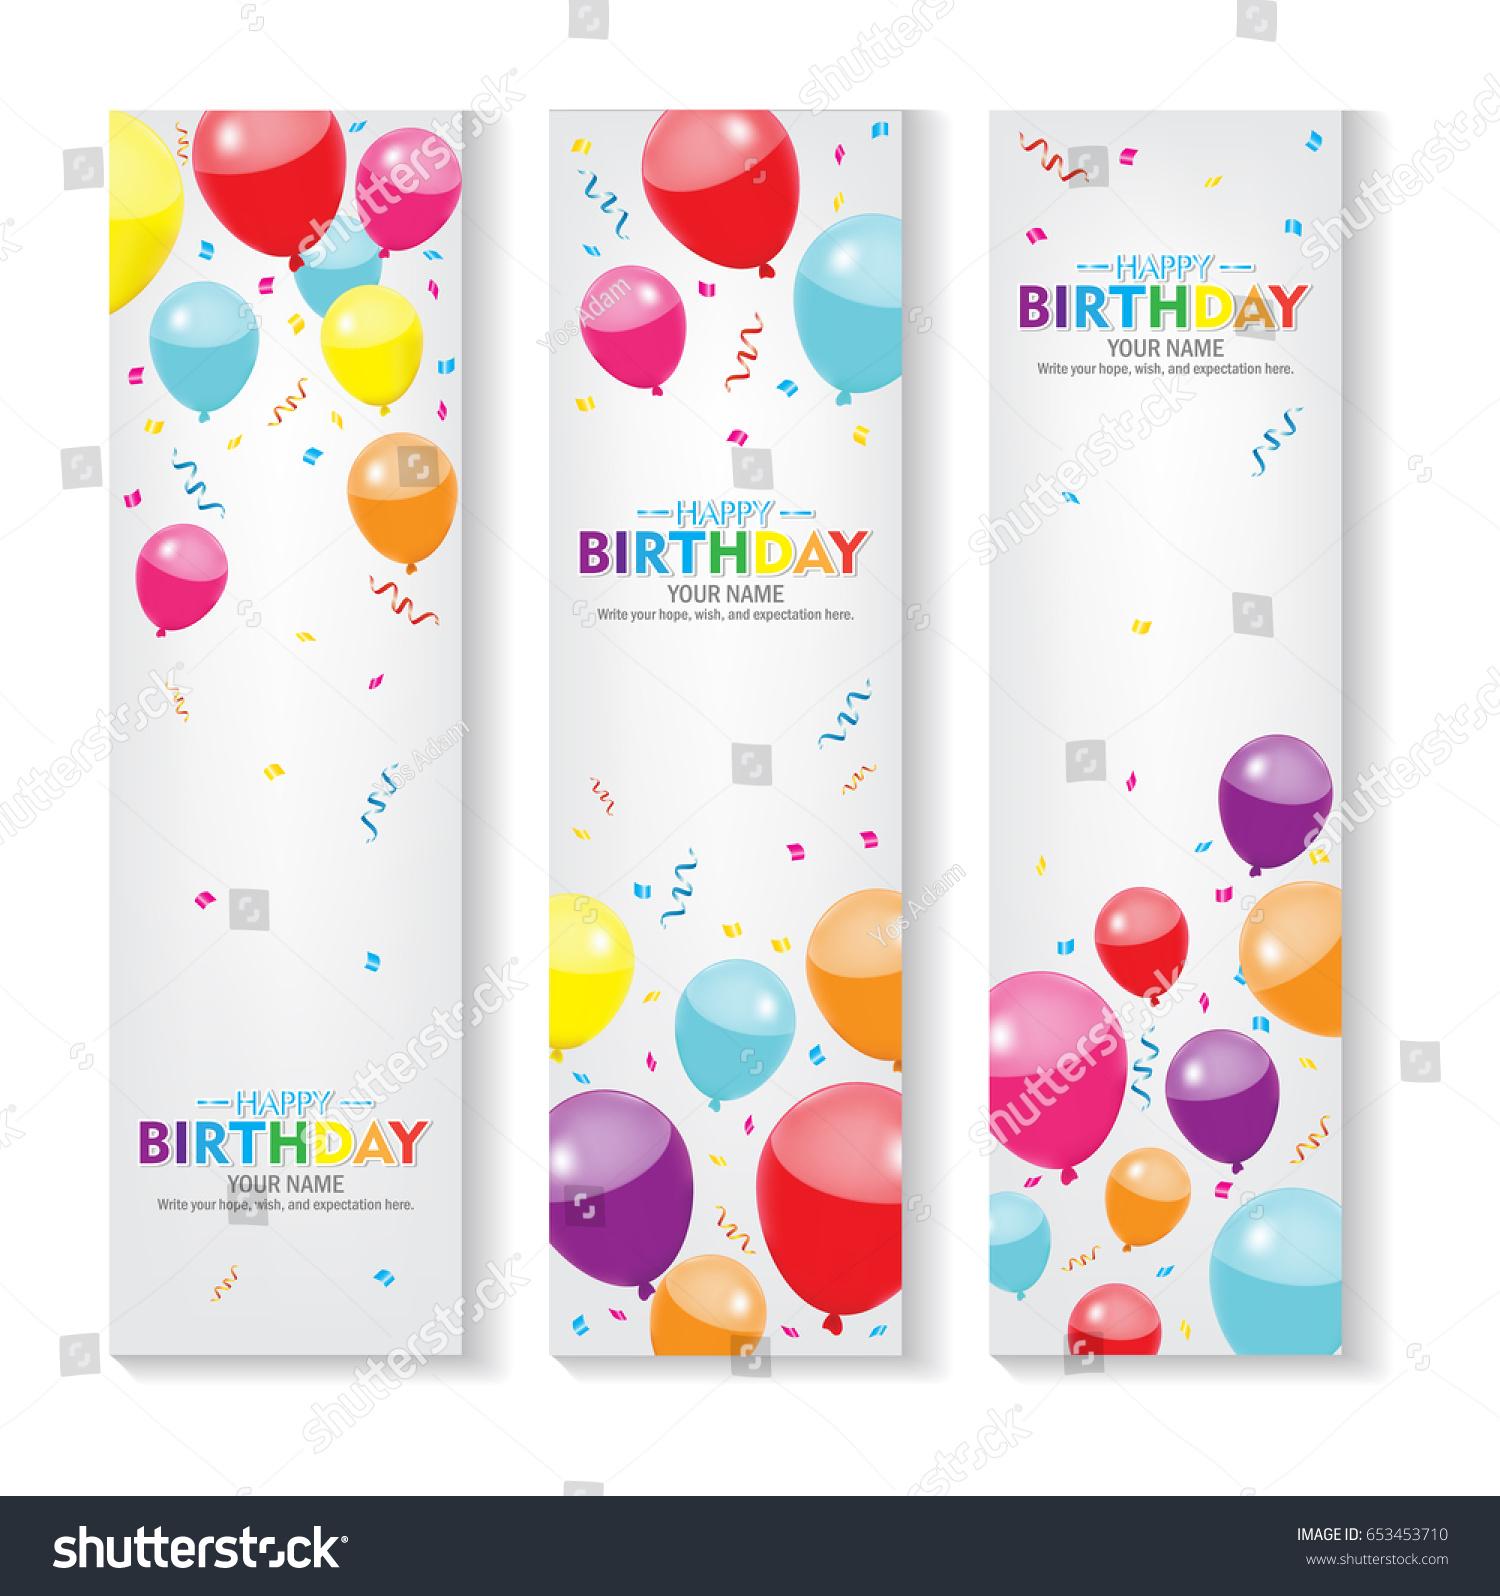 Editable Vertical Happy Birthday Banner Balloon เวกเตอร์สต็
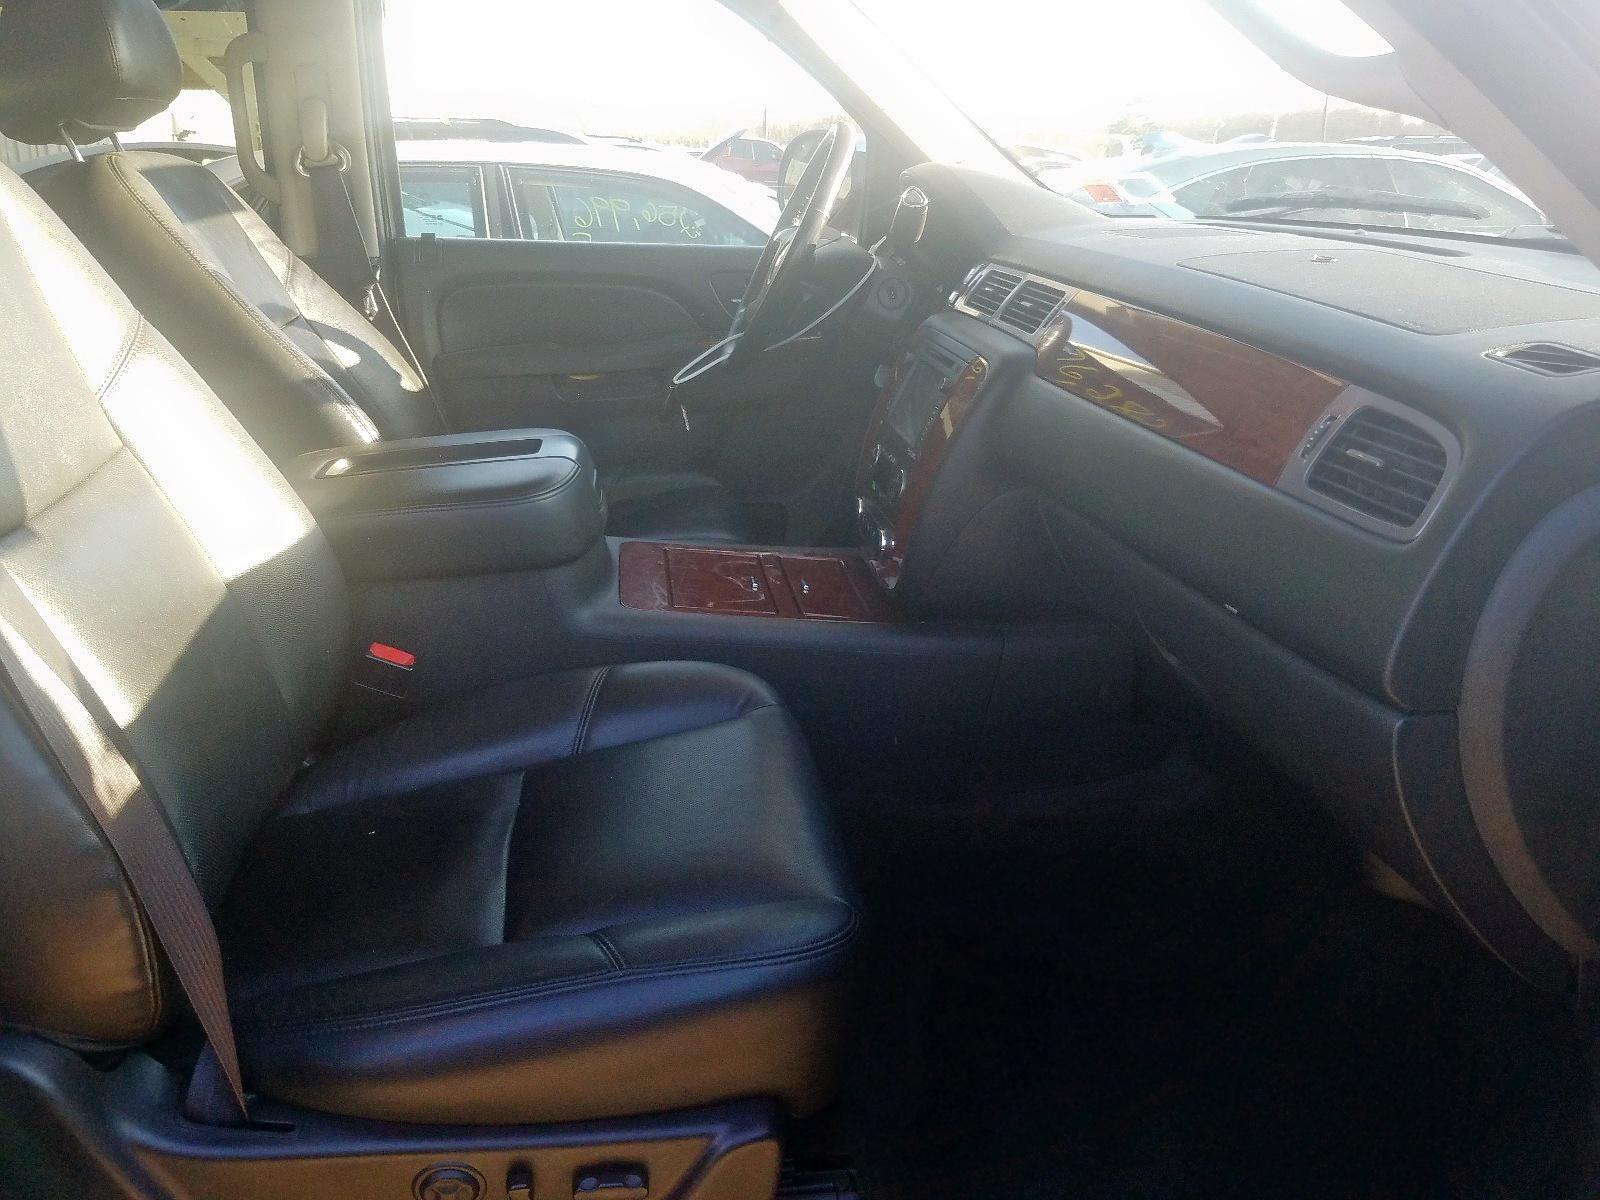 2012 Chevrolet Suburban K 5.3L close up View
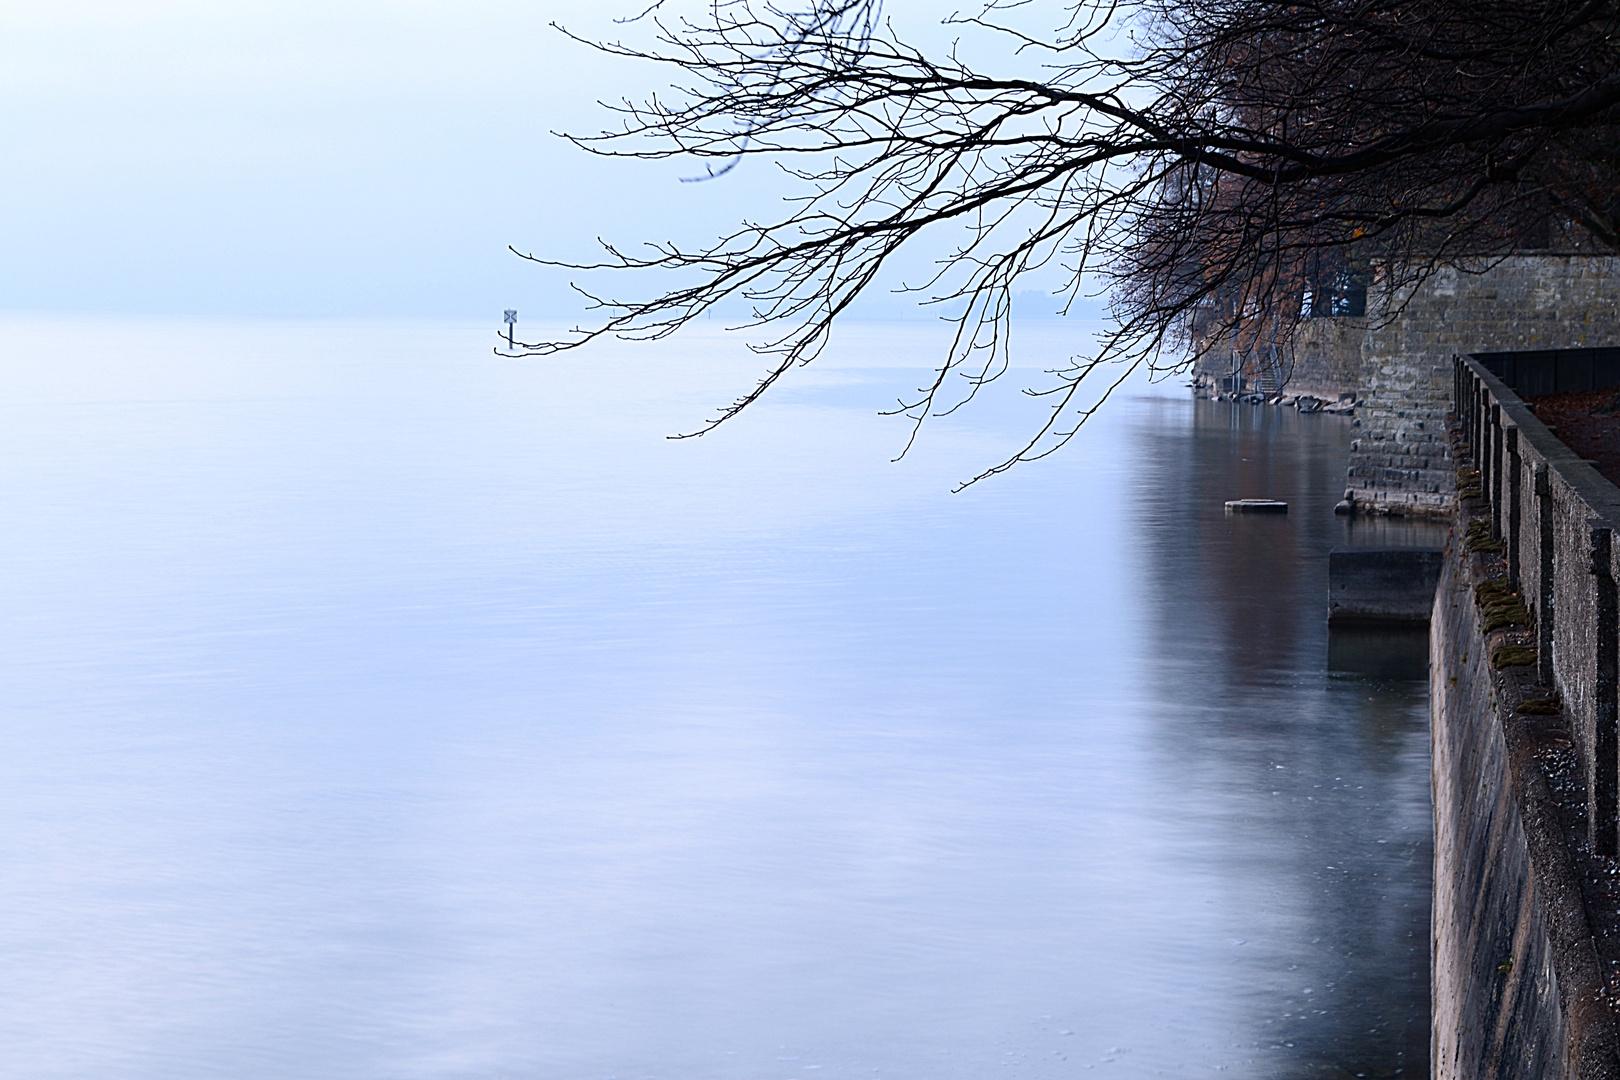 Novemberabend am Bodensee

• _Work instruction_
Word for word, restate only the lines from the one bearing "2012 Chevrolet Suburban K 5.3L close up View" through the final line of the listing, inclusive, with no pictures.

• _Exercise response_
 2012 Chevrolet Suburban K 5.3L close up View
 Novemberabend am Bodensee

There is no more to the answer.